為替問題と貿易事業(その2)…「悪い円安」に悩む日銀
20年ぶりの円安
円相場は2022年4月に入り、およそ20年ぶりの円安・ドル高水準を記録しましした。きっかけは、新型コロナウィルス後の世界的なインフレ不安とロシアによるウクライナ侵攻です。2021年以降、コロナ下の長い自粛生活の反動による消費の急拡大に対し、生産や流通が対応できずに物価が高騰しました。2022年に入り、エネルギーや食料の主生産地であるロシアとウクライナの武力衝突が起きたことで、世界的なインフレ不安が一段と高まりました。
景気回復で先行する米連邦準備調査委員会(FRB)は3月から、インフレを抑えるために政策金利の引き上げに着手しました。欧州中央銀行(ESB)も先行きの利上げをにらんで量的緩和政策の縮小に踏み出しました。一方、景気回復が遅れる日本は大規模な金融緩和政策を続ける方針を堅持し、日米間の金利差が急拡大しました。投資マネーは金利が高い通貨に流れやすく、結果として円からドルやユーロへ、つまり円安・ドル高、円安・ユーロ高が進みました。
この時期「悪い円安」と呼ばれていますが、それは円安が商品やサービスの値上げを引き起こしているからでした。エネルギーや食料の自給率が極端に低い日本の場合、原油や小麦などの大半を輸入に頼らざるを得ません。世界的なインフレで値段が上がっているうえ、大幅な円安で円に換算した時の輸入品価格が高騰しました。国内製品も生産や流通の過程でガソリンや電気を使うため、値上げせざるを得ない状況に追い込まれました。
海外生産シフトによる円安
円安の背景は金利差だけではありません。日本企業の海外生産シフトの結果としての国際収支構造や対外資産構成の変化も、底流で円安要因として働いています。

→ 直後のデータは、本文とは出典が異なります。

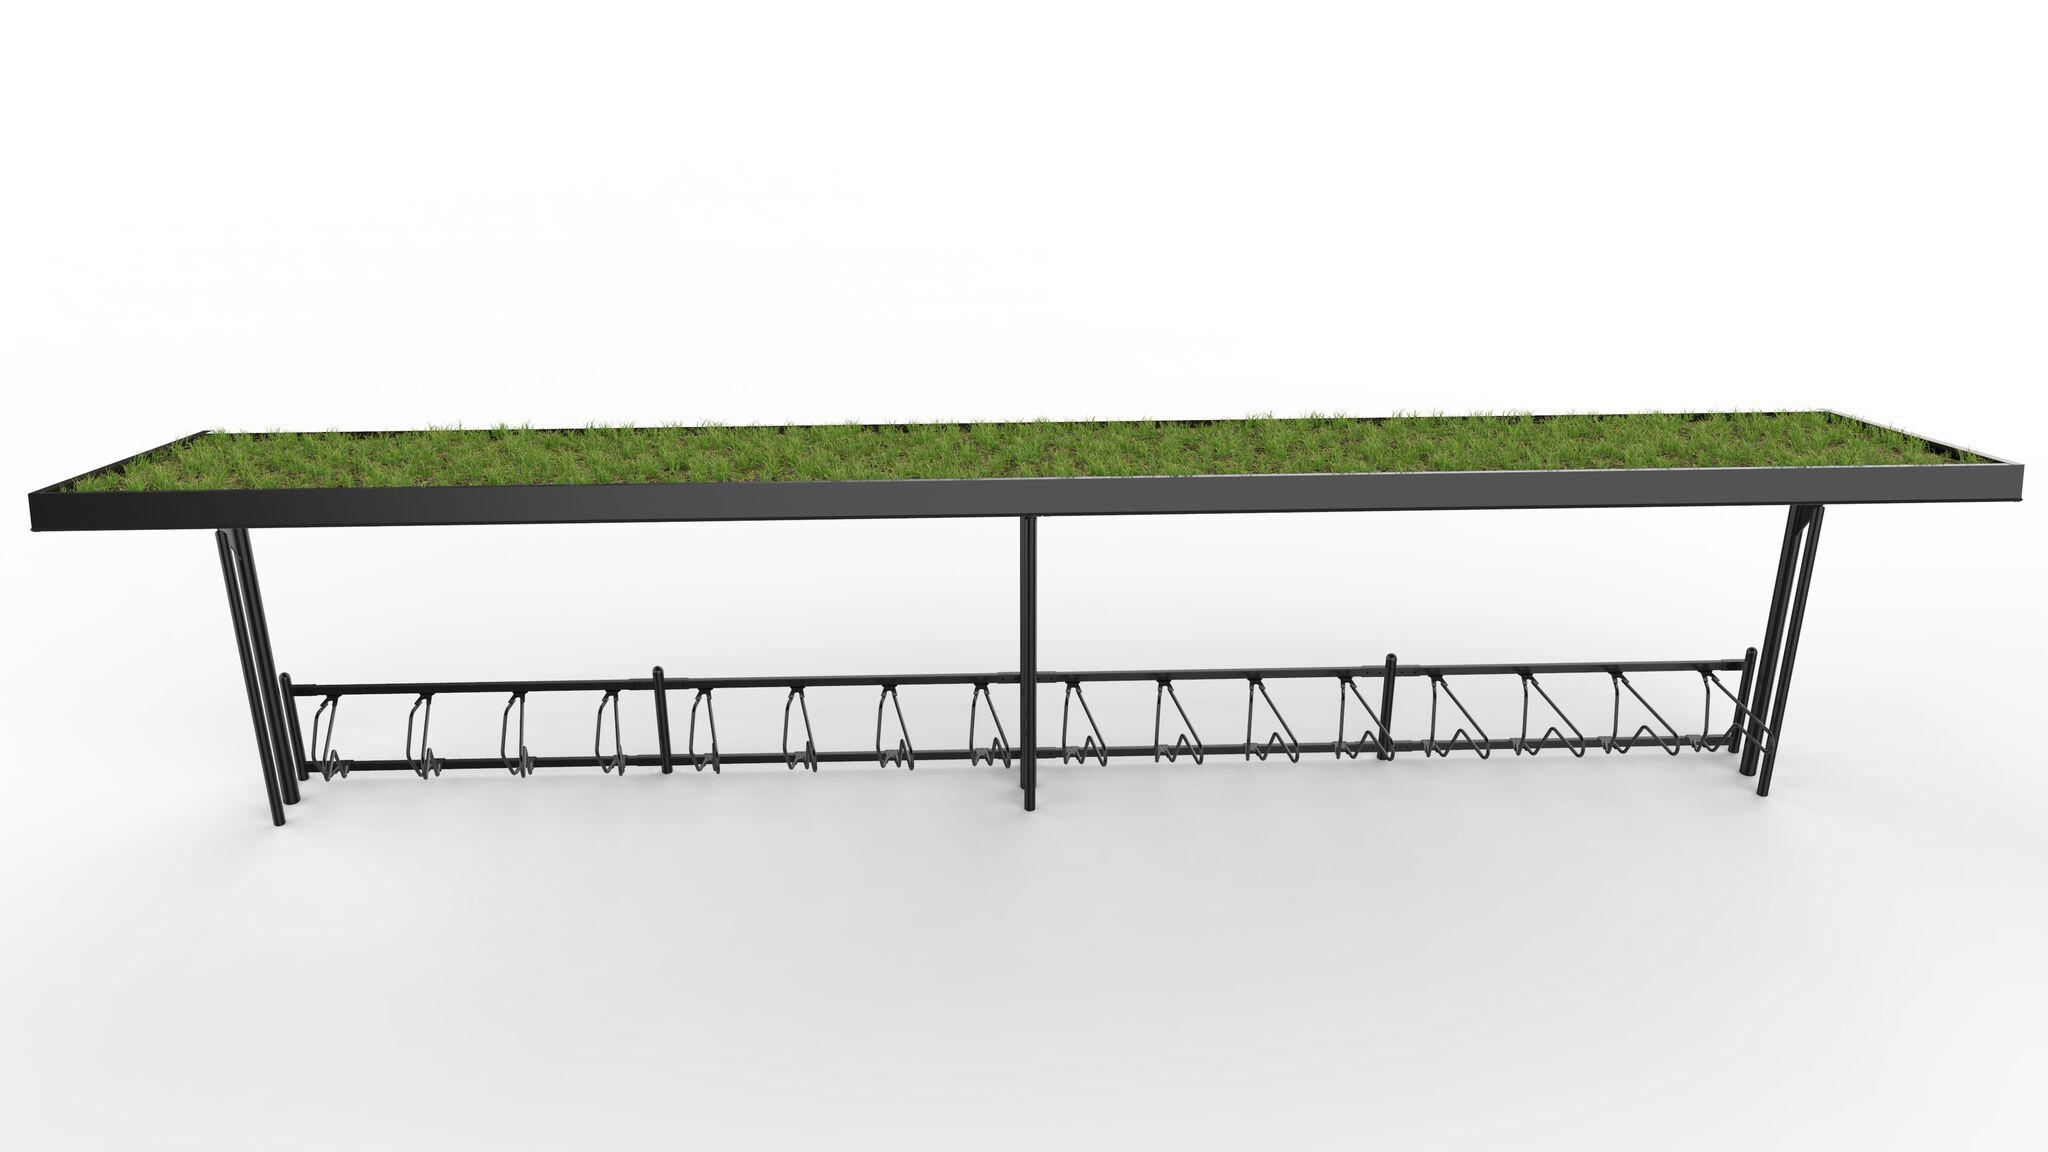 Cyklos KAPPA 8,5 metrin pyöräkatos viherkatoksella ilman päätytolppaa ja Delta runkolukitusteline, kuva edestä josta näkee viherkatoksen
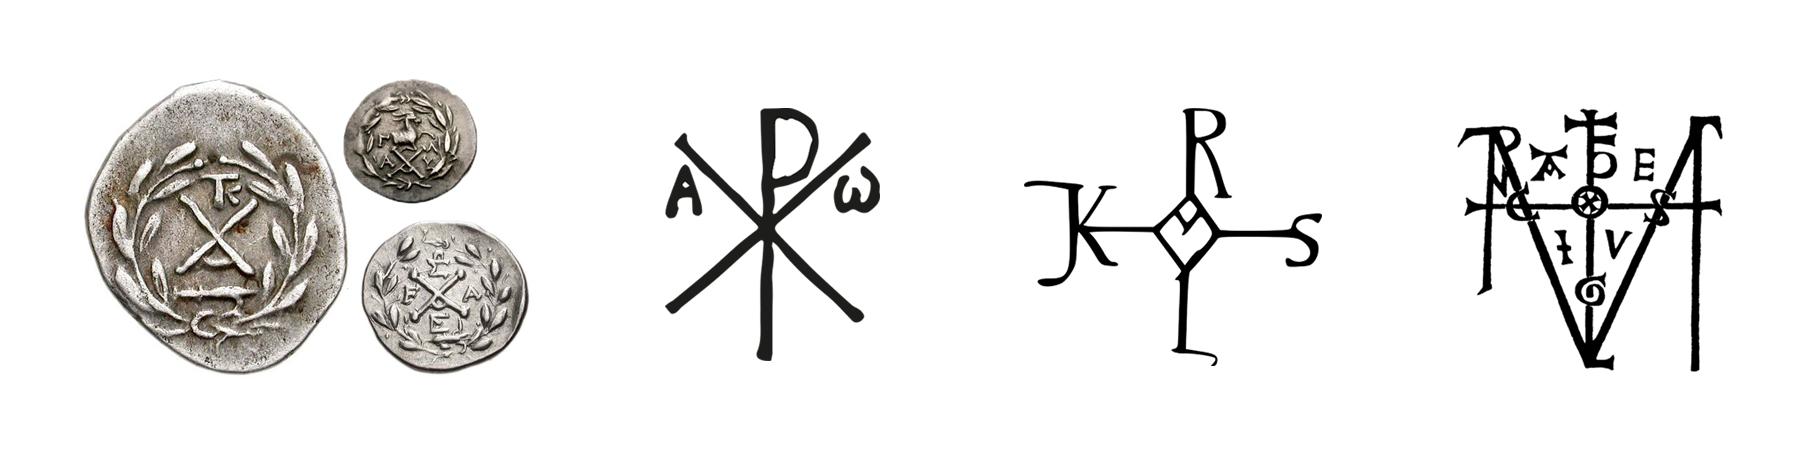 ejemplos de monogramas antiguos

下図に国際収支、経常収支、金融収支、貿易収支の関係を示します。
経常収支は、貿易・サービス収支、海外からの利子や配当からなる第一次所得収支、政府開発援助からなる第二次所得収支の合計のことを言います。この経常収支に企業の買取や株式投資などによる金融資産のやり取りである金融収支を併せたものが、国際収支になります。また貿易収支は単に製品の輸出・輸入に伴う収支のことです。国際収支は、ある期間に国が国際的に行ったすべての金銭的取引を表していますが、貿易収支では、物理的な品目だけを説明します。
まず、国際収支の内訳をみると、かつて巨額の黒字を誇った貿易収支も、近年はゼロ近傍です。代って経常黒字を支えているのは専ら第一次所得収支、とくに投資収益収支です。しかも、投資収益の主体は、今や証券投資ではなく、直接投資による海外現地法人が稼ぐ収益であるわけです。
だが、この直接投資収益は計算上は投資収益にカウントされるにしても、実態はほとんどが海外法人の内部留保であり、日本に送金されることはありません。つまり、経常収支は黒字でも、為替需給上は円を買って送金することがないため、円高になりにくい構造に変化しているのです。
またストックの面でも、日本はいまだ世界一の対外純資産国です。その内訳ですが、海外の土地や工場への直接投資のウェートが増えています。以前は、金融危機であれ天変地異であれ、何かショックが起きるたびに、日本へ海外資産が還流するとの思惑から円が買われたものでした。いわゆるリスクオフの円高です。だが直接投資は簡単に還流できないので、今ではリスクオフの円高は生じにくくなっています。
ウクライナ危機の現在、原材料価格の高騰で貿易収支は赤字が拡大しています。一方、戦争でもリスクオフの円高は起こらず、これらが1つの円安要因となっています。
もちろん「円安は日本経済にプラス」と能天気に言えるなら問題ありませんが、実態は非常に懐疑的です。日本が巨額の財政赤字を抱かえながら何とか持ちこたえているのは、経常黒字で国債を国内資金で消化できるからであり、世界一の対外純資産への信頼があるからです。しかし、経常黒字のほとんどは勘定上の数字にすぎず、対外純資産も国内に還流できない部分が大きいことを考えますと、安心してばかりはいられません。皆さんはどう思われますか。